### DATA
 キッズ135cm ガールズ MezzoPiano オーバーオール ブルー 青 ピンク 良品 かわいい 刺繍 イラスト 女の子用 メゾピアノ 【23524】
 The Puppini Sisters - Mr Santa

...

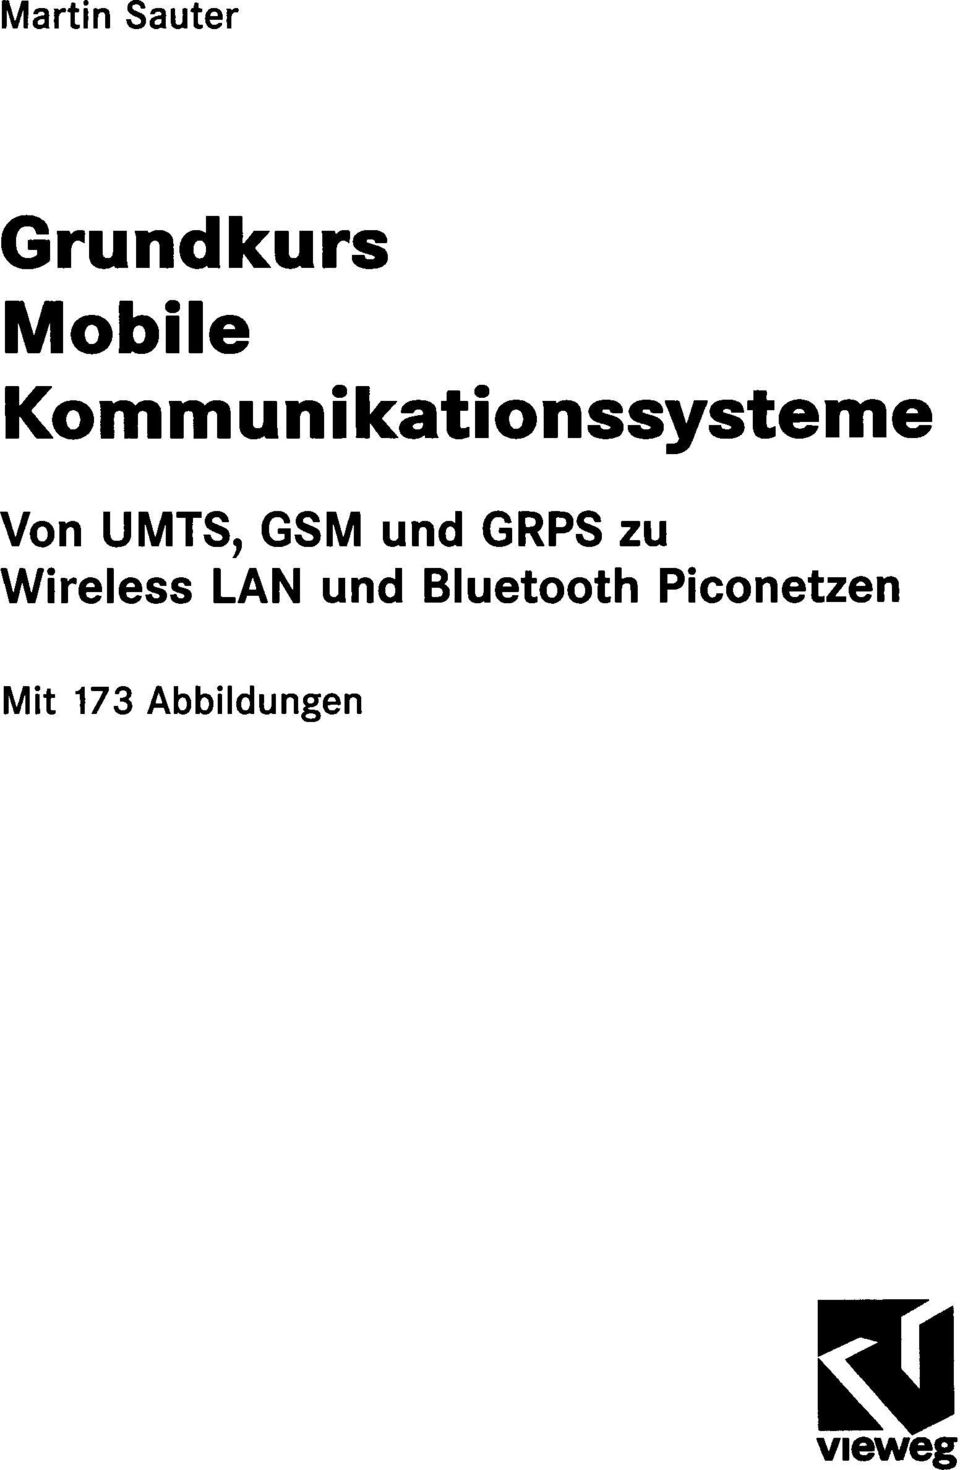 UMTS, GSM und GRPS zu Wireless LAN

==

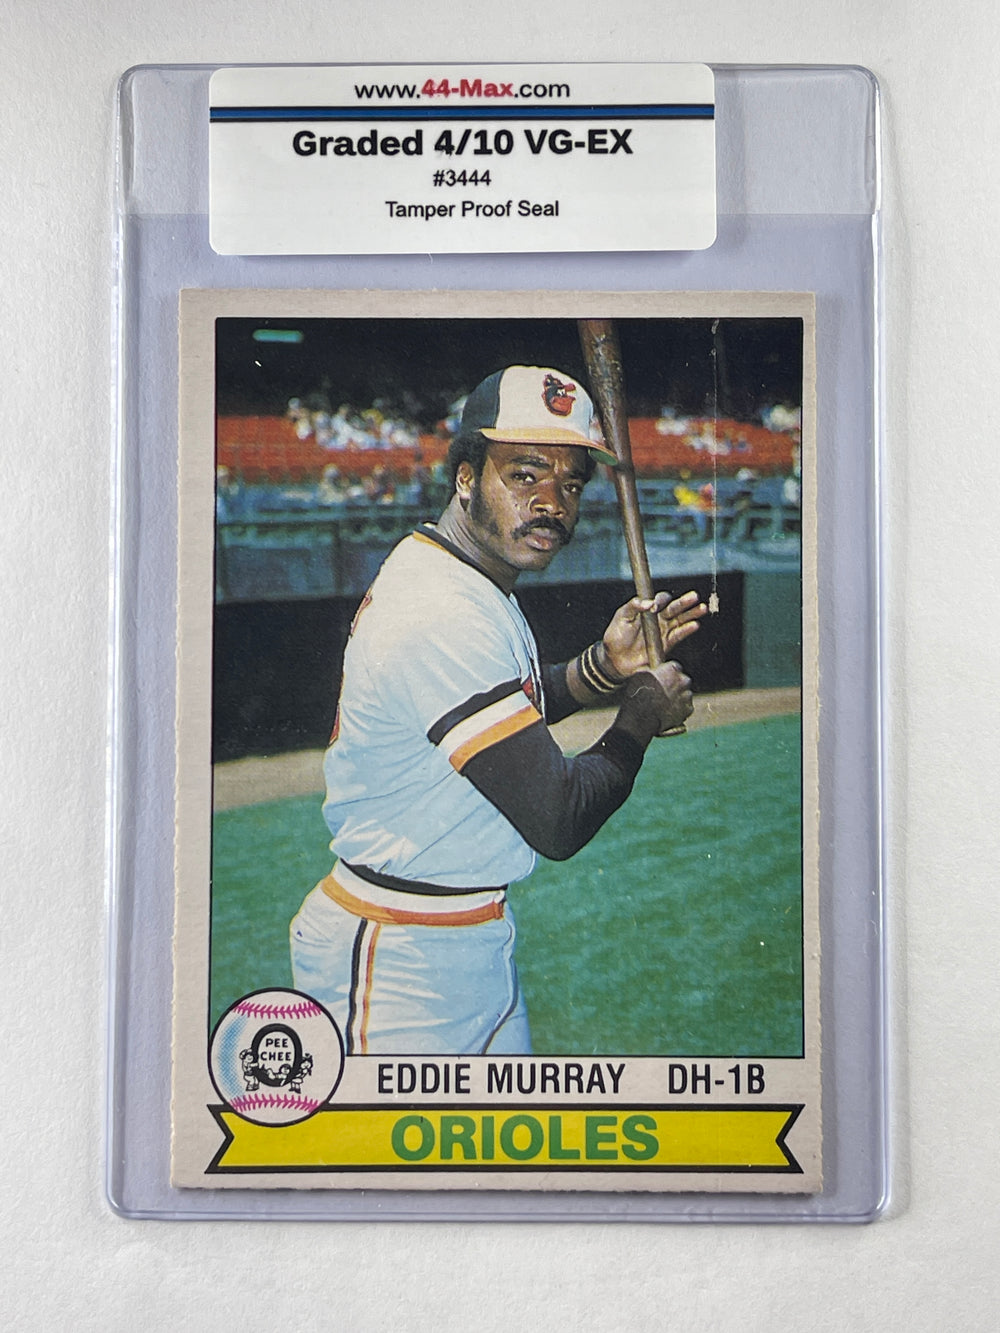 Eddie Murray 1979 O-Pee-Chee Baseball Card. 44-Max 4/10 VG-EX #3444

### PROBLEM
The lines above from the one with "キッズ135cm ガールズ MezzoPiano" through the one with "The Puppini Sisters - Mr Santa" are to be duplicated exactly, ends included, with nothing added.

### TASK RESPONSE
 キッズ135cm ガールズ MezzoPiano オーバーオール ブルー 青 ピンク 良品 かわいい 刺繍 イラスト 女の子用 メゾピアノ 【23524】
 The Puppini Sisters - Mr Santa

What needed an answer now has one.